Assignment 6: String Along (65 Points)

Chris Tralie

Click here to listen to musical statements


We have reached the grand finale of the course! For this, you will implement a fusion of new and old techniques known as Differentiable Digital Signal Processing to learn how to synthesize monophonic (single instrument) music sounds from example audio. By using pre-defined things we learned in other parts of the course (spectrograms, loudness computation, pitch tracking, instantaneous frequency generation), we will be able to significantly reduce the data and training requirements of this pipeline. All in all, we'll be able to create a reasonable bowed violin synth with only 13 minutes of training data and about 2-3 hours of training. By contrast, wavenet, another popular neural network-based audio synthesis technique, may require tens or hundreds of hours of training data and several days of training.

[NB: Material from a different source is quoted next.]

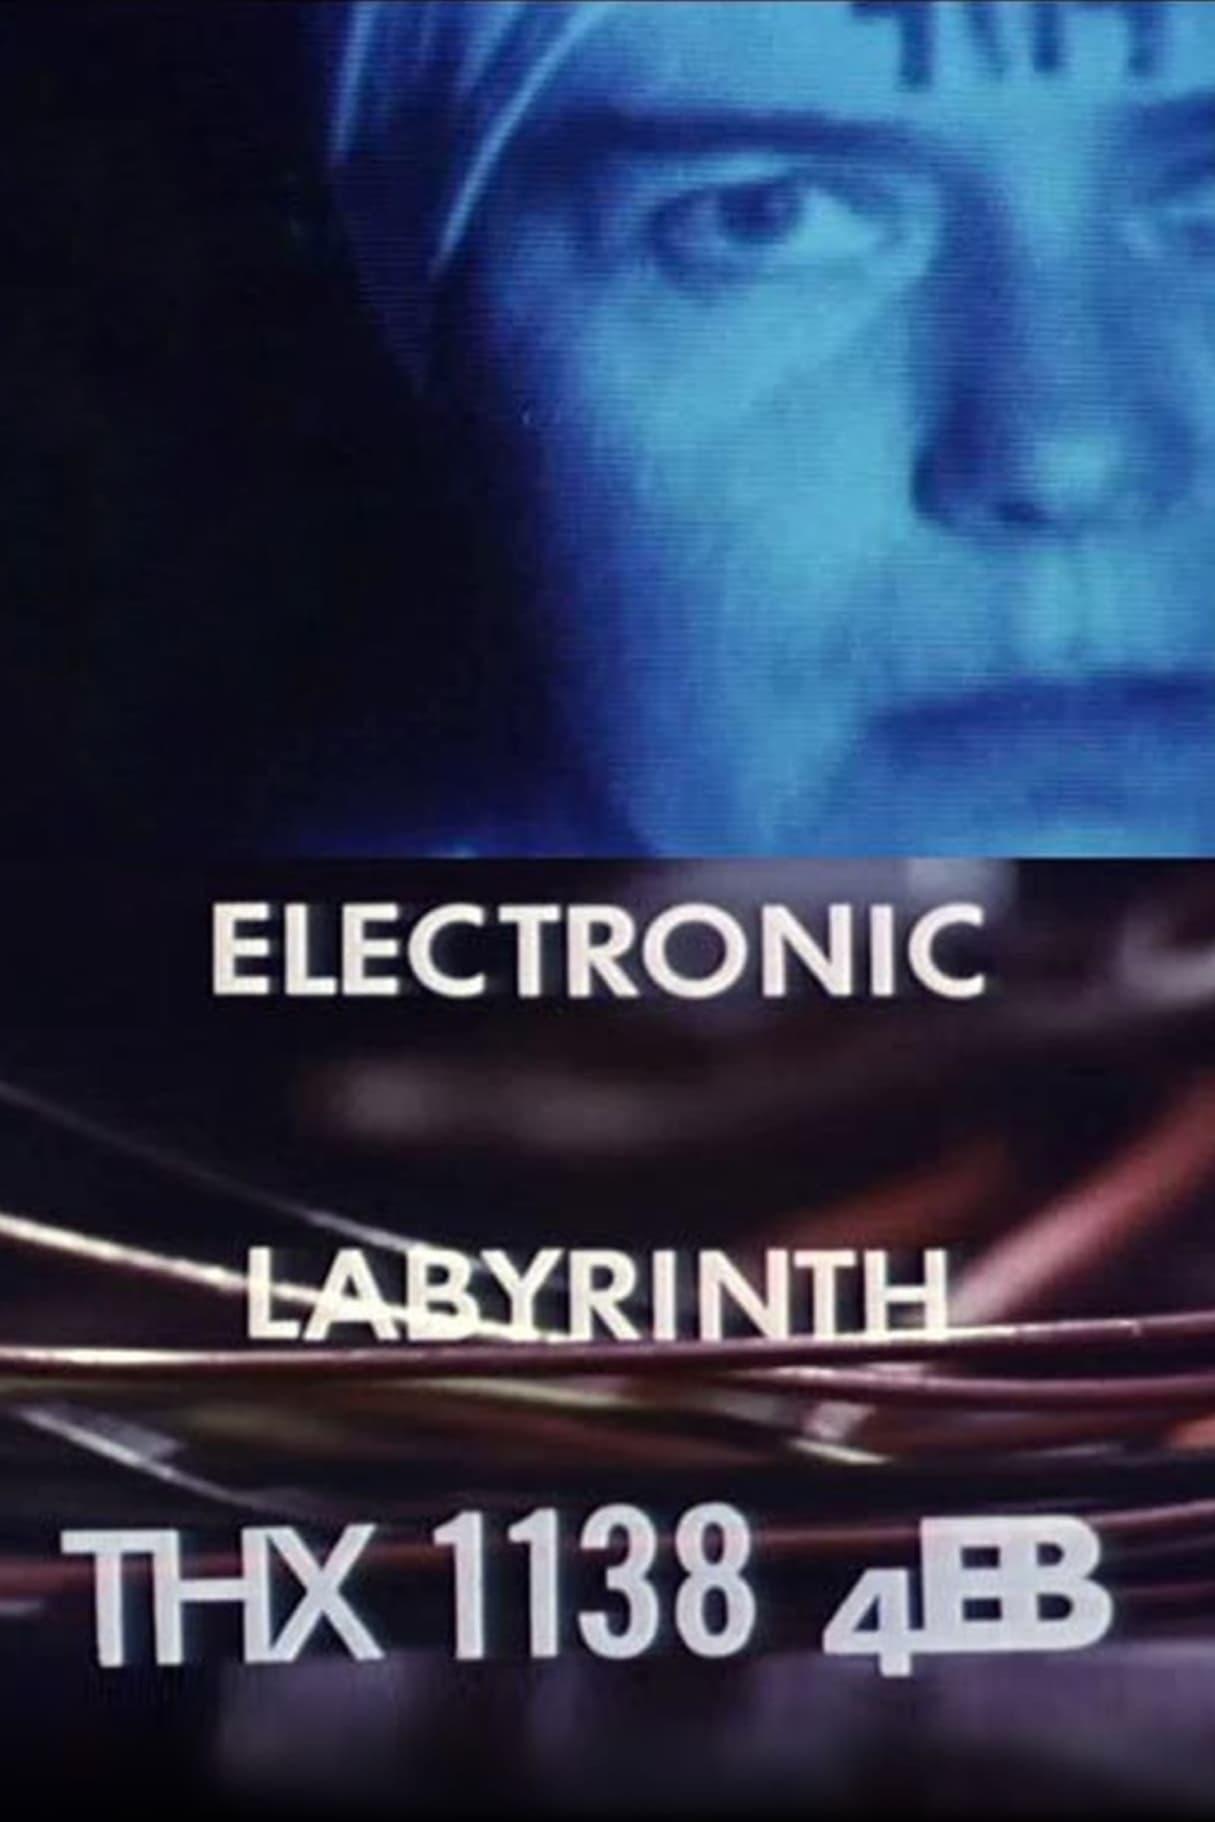 Electronic Labyrinth: THX 1138 4EB

Perhaps most excitingly of all, we will be to do cross-synthesis/vocoder, in which we use the loudness and pitch of a completely different instrument to drive the decoder. Among other things, this allows us to turn singing voice into a violin. For example, suppose we start with the following clip from Adele:

We can then turn her into a violin as follows (note that I've moved the encoded pitch up by one octave):

For yet another example, here is a clip from Marvin Gaye:

And here is what he sounds like as a violin

As a side benefit, since this model includes a learnable reverberation impulse response, we can hear what it would sound like if we clapped in the room in which the training audio was recorded, as shown below:

By the end of this assignment, you will be able to replicate these examples and go further with your own!

Learning Goals/Objectives

  • Goal 1: Implement a full pipeline for supervised learning including data curation, model definition, loss function specification, and training loop
  • Goal 2: Explore the integration of classical domain knowledge (spectrograms, windowing, impulse responses, instantaneous frequency, loudness, subtractive/additive synthesis) with modern machine learning techniques (deep neural networks)
  • Objective 1: Practice tensor-wise operations in pytorch
  • Objective 2: Practice training neural networks
  • Objective 3: Compose music in a cutting edge style

What To Submit

When you are finished, submit the notebook you created to canvas, and the following audio clips:

  • An example of a 4 second clip from the training data encoded and decoded with your fully trained network
  • The provided examples (Adele, Marvin Gaye) encoded and decoded with your fully trained network
  • Your musical statement
Finally, indicate a title for your musical statement, and name/pseudonym you'd like to use in the music gallery on our class web site, and indicate the names of any buddies you worked with.

Programming Tasks

Starter Code

The starter notebook for this can be obtained at You'll want to load this into Google Colab. Be sure to change your runtime to GPU:

This is crucial for the training to run at a reasonable pace. It also means that you'll have to move your model and all of the tensors over the GPU before using them. Here are a few examples of how to do this:

DDSP Paper

Click here to access the paper on DDSP. I will do my best to explain what needs to be done as we go along, but it may be helpful to have this as a reference. You can also see Google's press release / landing page here. We will be implementing the "supervised encoder" and decoder in this assignment. We'll encode using torchcrepe for pitch and a frequency-based method for loudness, and then we'll implement a decoder with additive synthesis, subtractive synthesis, and reverb.

What Now?

In what follows, you will walk through the steps for supervised learning that I outlined in module 20 in this context:

  1. Gather data
  2. Define a model (the encoder and decoder) to fix the space of possible functions to transform an input to an output
  3. Devise a scoring function for how well your learned model fits the data

Then, you will implement a training loop to put it all together, using backpropagation on the loss function to tweak the model's parameters until it fits the data we have.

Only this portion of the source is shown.